I'm hacking on a fifo/queue for a multithreaded program using the following example as a guide. One thread writes to the fifo and another reads from it. The fifo will only be shared between these two threads. The synchronization overhead is massive; adding and removing 10 million items from the fifo takes about three seconds on my machine if I use mutexes and 1.5 seconds if I use spinlocks instead.
My blocking add function is as follows. The blocking remove function works analogously. The functions were updated, as John Bollinger pointed out that the spinlock code was racy if there were more than one writer or reader.
static void
spin_while_full(volatile synced_queue *me) {
while (me->queue->n_elements == me->queue->capacity) {
}
}
void
synced_queue_add(synced_queue *me, void *value) {
synced_queue_lock_type tp = me->lock_type;
if (tp == SYNCED_QUEUE_SPIN_LOCK) {
while (true) {
pthread_spin_lock(&me->lock);
if (me->queue->n_elements < me->queue->capacity) {
break;
}
pthread_spin_unlock(&me->lock);
}
} else if (tp == SYNCED_QUEUE_SPIN_LOCK_UNCONTESTED) {
spin_while_full(me);
pthread_spin_lock(&me->lock);
} else if (tp == SYNCED_QUEUE_MUTEX) {
pthread_mutex_lock(&me->mutex);
while (me->queue->n_elements == me->queue->capacity) {
pthread_cond_wait(&me->var_prod, &me->mutex);
}
} else {
assert(false);
}
queue_add(me->queue, value);
if (tp == SYNCED_QUEUE_SPIN_LOCK ||
tp == SYNCED_QUEUE_SPIN_LOCK_UNCONTESTED) {
pthread_spin_unlock(&me->lock);
} else {
pthread_mutex_unlock(&me->mutex);
pthread_cond_signal(&me->var_cons);
}
}
The library's user sets the lock_type
flag to whatever
synchronization method they want. The benchmark results for the three
lock types are:
=== benchmark_synced_queue
spinlock 1024 elements 0.17 us/job
uncontested spinlock 1024 elements 0.14 us/job
mutex 1024 elements 0.31 us/job
spinlock 512 elements 0.17 us/job
uncontested spinlock 512 elements 0.14 us/job
mutex 512 elements 0.31 us/job
spinlock 256 elements 0.15 us/job
uncontested spinlock 256 elements 0.14 us/job
mutex 256 elements 0.28 us/job
spinlock 128 elements 0.15 us/job
uncontested spinlock 128 elements 0.14 us/job
mutex 128 elements 0.29 us/job
spinlock 64 elements 0.16 us/job
uncontested spinlock 64 elements 0.14 us/job
mutex 64 elements 0.28 us/job
spinlock 32 elements 0.18 us/job
uncontested spinlock 32 elements 0.15 us/job
mutex 32 elements 0.15 us/job
spinlock 16 elements 0.21 us/job
uncontested spinlock 16 elements 0.16 us/job
mutex 16 elements 0.30 us/job
spinlock 8 elements 0.29 us/job
uncontested spinlock 8 elements 0.16 us/job
mutex 8 elements 0.60 us/job
spinlock 4 elements 0.43 us/job
uncontested spinlock 4 elements 0.17 us/job
mutex 4 elements 1.21 us/job
So while the "correct" spinlock is a little slower than the incorrect one, the difference between the spinlock types and the mutex is much bigger.

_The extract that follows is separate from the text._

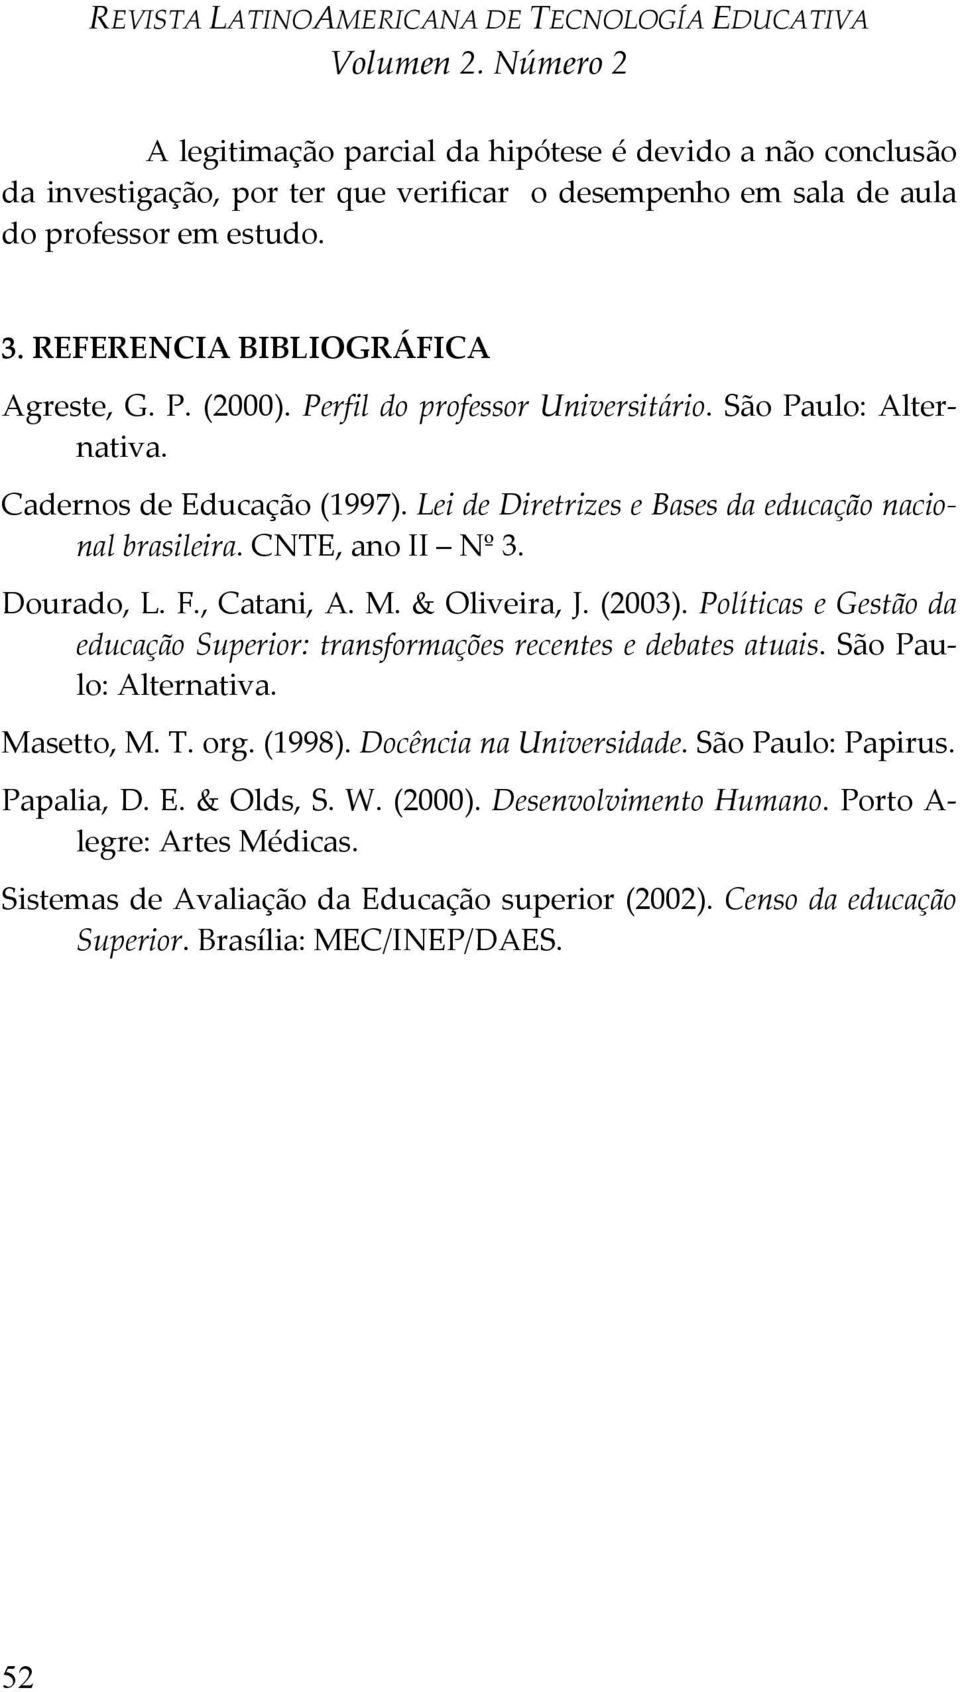 M. & Oliveira, J. (2003). Políticas e Gestão da educação Superior: transformações recentes e debates atuais. São Paulo: Alternativa. Masetto, M. T. org. (1998). Docência na Universidade.

The pthread manual pretty much discourages the use of spinlocks:
Spin locks should be employed in conjunction with real-time scheduling policies (SCHED_FIFO, or possibly SCHED_RR). Use of spin locks with nondeterministic scheduling policies such as SCHED_OTHER probably indicates a design mistake. ... User-space spin locks are not applicable as a general locking solution. They are, by definition, prone to priority inversion and unbounded spin times. A programmer using spin locks must be exceptionally careful not only in the code, but also in terms of system configuration, thread placement, and priority assignment.
My question is why is locking is so much slower using mutexes than spinlocks? The problem with spinlocks is of course that it taxes the cpu. So is there a way to avoid using spinlocks, but to still get good performance?